29 504
Verdrag tussen het Koninkrijk der Nederlanden en Bosnië-Herzegowina betreffende internationaal vervoer over de weg; Sarajevo, 20 november 2002

B
nr. 2
ADVIES RAAD VAN STATE EN NADER RAPPORT

Hieronder zijn opgenomen het advies van de Raad van State d.d. 2 februari 2004 en het nader rapport d.d. 23 maart 2004, aangeboden aan de Koningin door de minister van Buitenlandse Zaken. Het advies van de Raad van State is cursief afgedrukt.

Bij Kabinetsmissive van 22 december 2003, no. 03.005302, heeft Uwe Majesteit, op voordracht van de Minister van Buitenlandse Zaken, mede namens de Minister van Verkeer en Waterstaat, bij de Raad van State ter overweging aanhangig gemaakt het Verdrag tussen het Koninkrijk der Nederlanden en Bosnië-Herzegowina betreffende het internationaal vervoer over de weg; Sarajevo, 20 november 2002 (Trb. 2003, 22), met toelichtende nota.

Het verdrag vervangt, voor wat betreft de verhouding tussen het Koninkrijk en Bosnië-Herzegowina, de op 8 september 1966 te Belgrado totstandgekomen Overeenkomst tussen het Koninkrijk der Nederlanden en de Socialistische Federale Republiek Joegoslavië betreffende het internationale wegvervoer (Trb. 1996, 215).

Dit Verdrag geeft de Raad van State aanleiding tot het maken van opmerkingen over de toelichtende nota.

Blijkens de mededeling van de Directeur van Uw kabinet van 22 december 2003, nr. 03.005302, machtigde Uwe Majesteit de Raad van State zijn advies inzake het bovenvermelde verdrag rechtstreeks aan mij te doen toekomen. Dit advies, gedateerd 2 februari 2004, nr. W09.03.0556/V, bied ik U hierbij aan.

1. Volgens de toelichtende nota1 zal de Gemengde Commissie, naast activiteiten ter regulering van de markt, in haar werkzaamheden vooral het accent leggen op de kwaliteit van het vervoer. Aangezien dit niet zonder meer blijkt uit artikel 8, in het bijzonder niet uit de in het vijfde lid genoemde aangelegenheden, adviseert de Raad de grondslag in het Verdrag voor deze taakopvatting en uitoefening nader toe te lichten.2

1. Conform het advies van de Raad van State is de toelichtende nota aangevuld.

2. Volgens de toelichtende nota3 kunnen de uitgegeven vergunningen in de eerste plaats worden gebruikt voor statistische doeleinden ten behoeve van marktobservatie.

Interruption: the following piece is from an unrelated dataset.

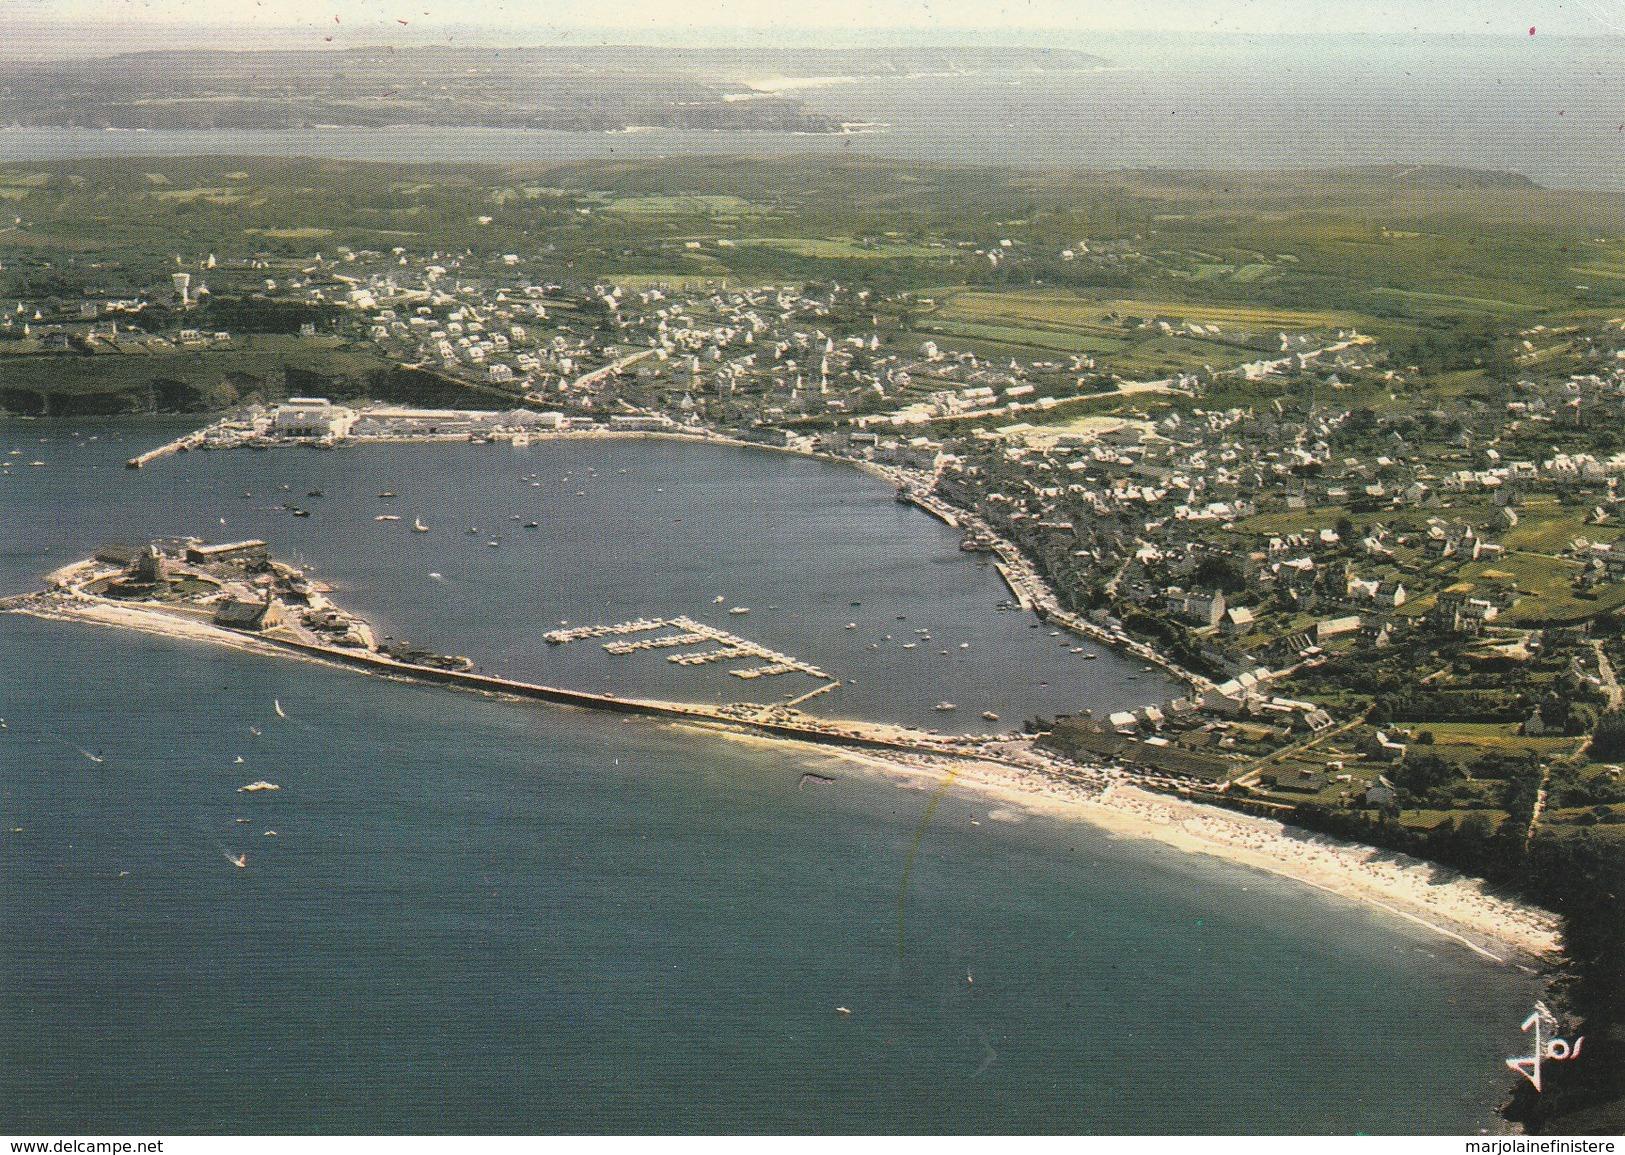 CPM - Dép. 29 - CAMARET ( Finistère) -Vue Générale Du Port Et La Pointe De Toulinguet. Ed. D'Art JOS Le Doaré. N° 9-1112 - Camaret-sur-Mer
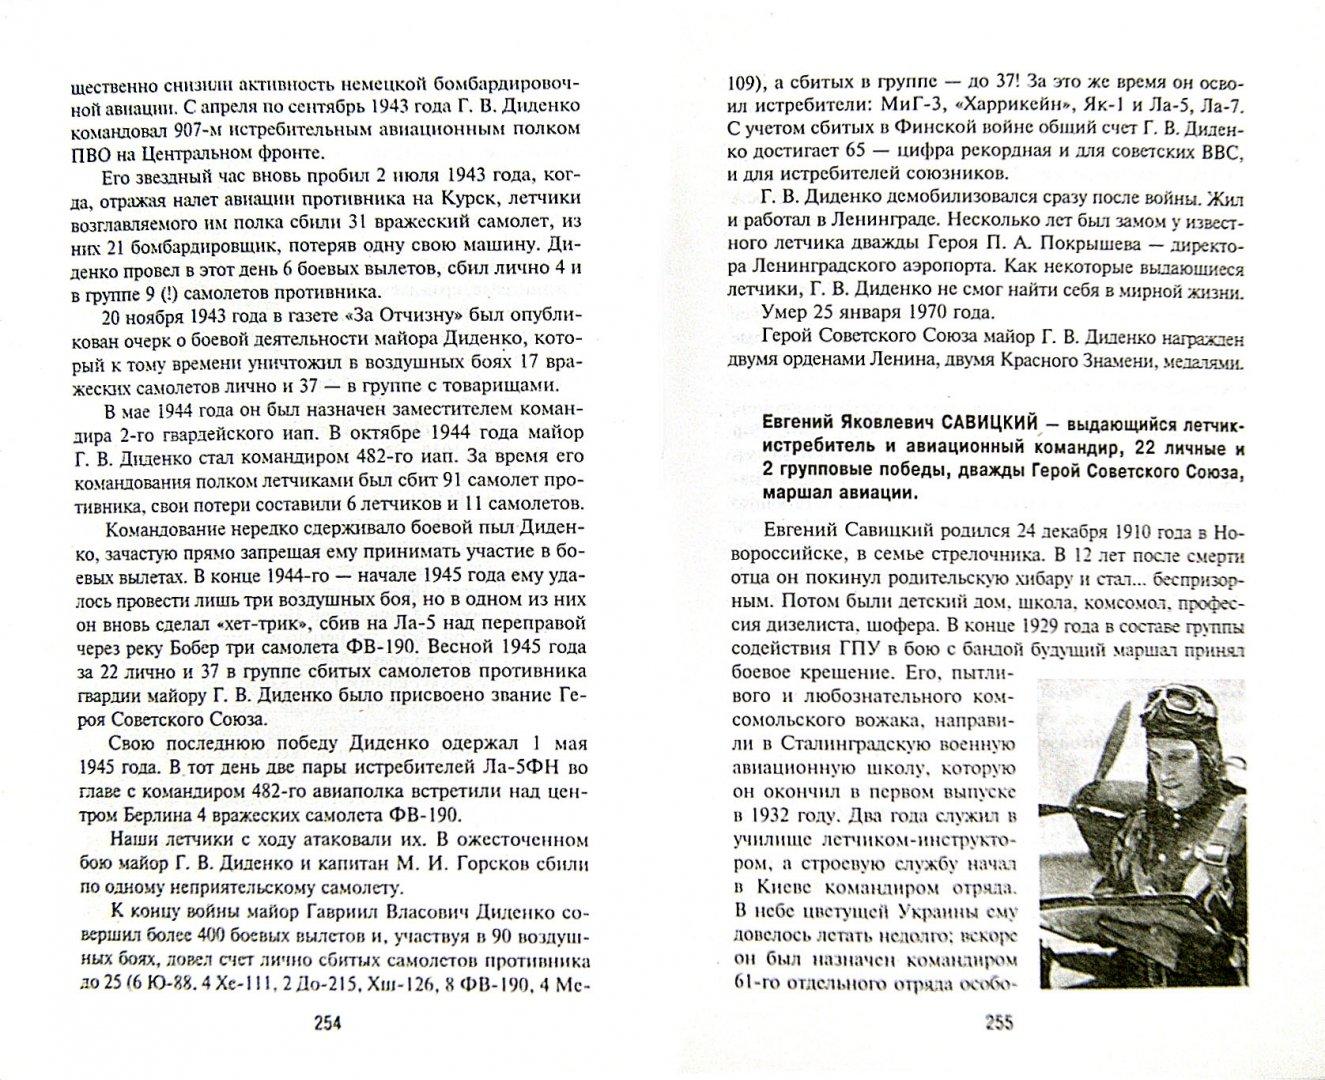 Иллюстрация 1 из 6 для Лучшие асы XX века - Николай Бодрихин | Лабиринт - книги. Источник: Лабиринт

Naar de mening van de Raad vinden de woorden «in de eerste plaats» geen grondslag in de strekking van het Verdrag dat allereerst strekt tot marktregulering. Het college beveelt aan dit voorop te stellen.4

2. De toelichtende nota is conform het advies van de Raad aangepast.

De Raad van State geeft U in overweging goed te vinden dat bedoeld Verdrag wordt overgelegd aan de beide Kamers der Staten-Generaal, nadat aan het vorenstaande aandacht zal zijn geschonken.

De Vice-President van de Raad van State,

H. D. Tjeenk Willink

Ik moge U mede namens de Minister van Verkeer en Waterstaat, verzoeken mij te machtigen gevolg te geven aan mijn voornemen het verdrag vergezeld van de gewijzigde toelichtende nota ter stilzwijgende goedkeuring over te leggen aan de Eerste en aan de Tweede Kamer der Staten-Generaal.

De Minister van Buitenlandse Zaken,

B. R. Bot


XNoot
1

Paragraaf 2, voorlaatste alinea.

XNoot
2

Conform de toelichtende nota bij de vervoersverdragen met Georgië (Stb. 28 849, 1) en Oezbekistan (Stb. 28 876, 1).

XNoot
3

Paragraaf 2, laatste alinea.

XNoot
4

Zie eveneens de in noot twee genoemde toelichtende nota's.